Shedding the load

My computer power was almost out, I had to hurry. There was only one hour to try to charge it as much as I could or I would be stuck without it until tomorrow.

“Stage 1 load shedding will be implemented from 1700 – 2200.”

Right. Find the power cord. Find the adapter. At 3% power – how much will I get in one hour? We’ll see.

Staying in the guest-house on my recent trip to Cape Town, South Africa, I got to experience load shedding. So what is load shedding? The City of Cape Town website explains:

“Loadshedding is a measure of last resort to prevent the collapse of the power system country-wide. When there is insufficient power station capacity to supply the demand (load) from all the customers, the electricity system becomes unbalanced, which can cause it to trip out country-wide (a blackout), and which could take days to restore.”  So instead of letting the high demand for energy destabilize the system and cause a prolonged blackout, the South African power company has a planned system for turning off power in a systematic and shared way.

Stage 1 – one area at a time is affected to reduce power consumption

Stage 2 – two areas at a time are affected

Stage 3a – three areas

Stage 3b – four areas

A friend of mine joked, “stage 5 is where they come to your house and blow out your candle.”

1610 – computer plugged in and charging. I’m hungry so walk to the corner store (I don’t know if the store has a generator and I’m not keen on shopping in the dark).

1645 – back from the store. Computer at 55%. I look around and put the solar lights in strategic places. I briefly wonder what happens to the security system in this place during load shedding, then try to forget about that.

1655 – dinner set on the table, solar lamps and a Good Book waiting.

1705 – power goes out.

Slowing the pace with a Good Book.

Slowing the pace with a Good Book.

So what happens when we are forced to do without power? We slow down. We turn off the screens. Well, they’re turned off for us. We go to a friend’s house to finish cooking the dinner we started before power went off. We visit awhile and get to enjoy relationship. We plan ahead. “Come over to watch the game at my place if your power is out.” We appreciate the times when the power is on.

When I’m on vacation – even if it is for a hectic medical conference like this one – there is still a sense of freedom from the everyday obligations that follow us at home. Maybe that’s why Japanese writer Marie Kondo’s movement to declutter our lives has appeal.  She has some good ideas on how to organize your stuff to be less of a burden. (Mostly it is to get rid of everything that you don’t need or doesn’t bring you joy). We take on so many obligations and objects that our load is quite heavy.

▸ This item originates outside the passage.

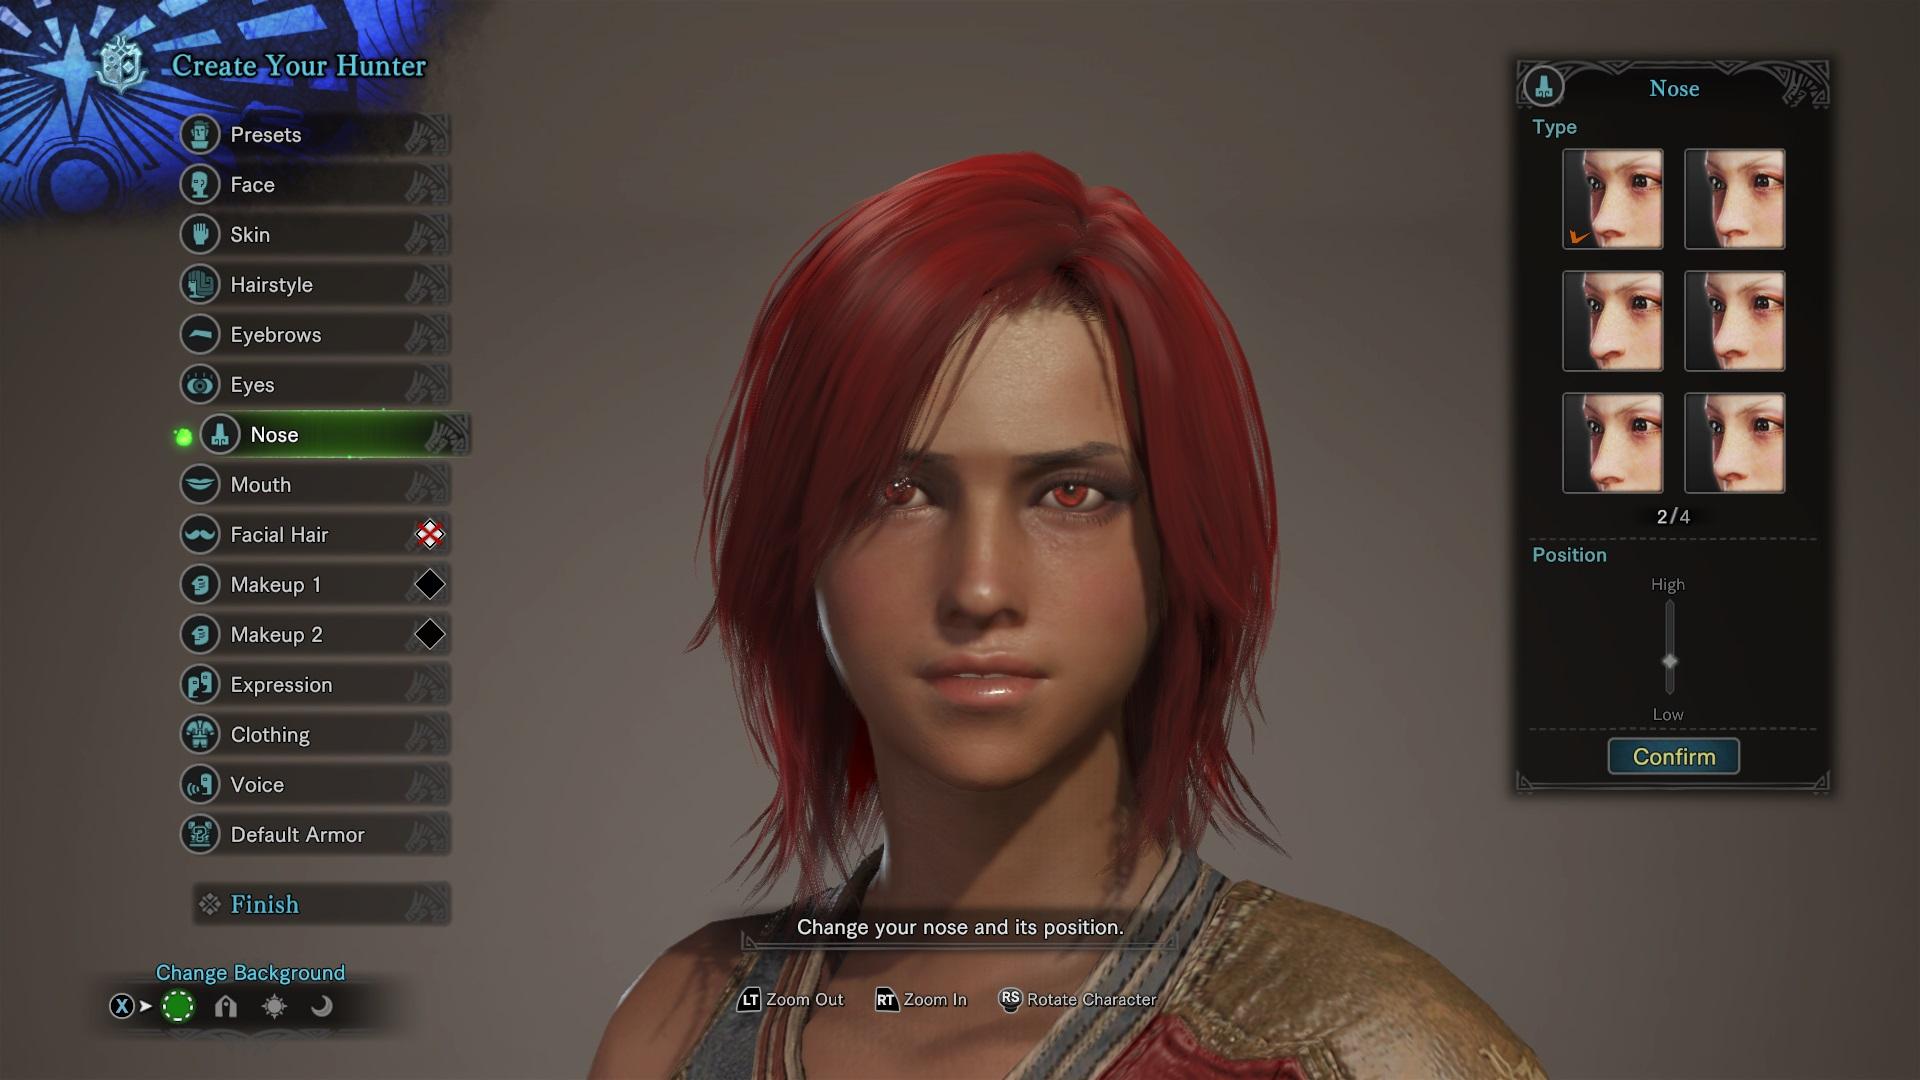 Monster Hunter World character customization is irking some

So I think shedding our load is a great idea. Maybe I won’t be so enthusiastic when I am living here in Cape Town, my lasagna is half done, and the power goes out from an unplanned, emergency load-shedding. But to intentionally remove the excess distractions from our lives is a great idea. To do so in a planned way lets us decide who and what is worthy of our precious energy.

So how can we do it?  How do we begin off loading the baggage that spills from our real and psychological closets?

We can’t.   Not on our own.   Not even with Marie Kondo’s help.

There is one perfect, ultimate load-shedder. He even offered to do it for us:

“Come to me, all you who are weary and burdened, and I will give you rest.  Take my yoke upon you and learn from me, for I am gentle and humble in heart, and you will find rest for your souls.  For my yoke is easy and my burden is light.” Matt 11:28-30

So if you are worn down, whether you have power or don’t, Jesus is waiting to bring you peace and rest. You just have to ask Him to do it.